また、持続可能で包摂的な経済成長及び発展の確保に向けた取組として、気候変動リスクへの対応や人権問題への対応に焦点を当て、その重要性を指摘した上で、諸外国及び我が国の取組について紹介する。

1.供給力の強化や生産性の向上によるインフレ圧力の緩和

まず本節では、足下で高まっているインフレ圧力がどのように生じたものであるかについて、需給均衡メカニズムの観点から概説し、足下で中央銀行が講じている金融引締め政策が需要抑制によるインフレ圧力の緩和であるのに対し、中長期的には、供給力を拡大することで生産の拡大とインフレ圧力の緩和を図っていくことが重要であることを示す。また、生産性の向上もインフレ圧力を緩和する上で重要であることを示すとともに、その手段としての貿易開放の重要性について示していく。

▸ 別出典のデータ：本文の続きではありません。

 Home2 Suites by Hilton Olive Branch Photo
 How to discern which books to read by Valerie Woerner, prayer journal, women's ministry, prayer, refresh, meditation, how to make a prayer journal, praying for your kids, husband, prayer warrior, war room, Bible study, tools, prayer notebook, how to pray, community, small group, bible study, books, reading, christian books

第I-2-1-1図は、⓪パンデミック前(2019年)、①パンデミック期(2020年)、②パンデミックからの需要回復期(2021年)、③ロシアによるウクライナ侵略以降(2022年)のそれぞれの時期における物価変動を需給均衡メカニズムの観点から概説したイメージ図である。まず、⓪から①に対しての変化は、経済社会活動の停滞に伴う需要曲線と供給曲線の左側シフトであった。供給能力以上に需要が減少したため、この時期の物価はパンデミック前と比して低水準であった。①から②の状態に移行するに連れ、経済社会活動の再開により主に欧米諸国で需要曲線は右側にシフトしていった一方で、労働市場に人が戻ってこず、また、財の供給元である新興国・途上国では依然としてパンデミックに伴う経済社会活動の制限のために供給は依然としてパンデミック前の状態には戻らなかったため、物価は上昇した。こうした状況の中、③ロシアによるウクライナ侵略により、エネルギーや食料供給リスクが高まり、供給曲線がさらに左側にシフトし、更なる物価上昇を招いた。このように整理すると、近年の物価上昇は供給サイドに起因するものであるということができる。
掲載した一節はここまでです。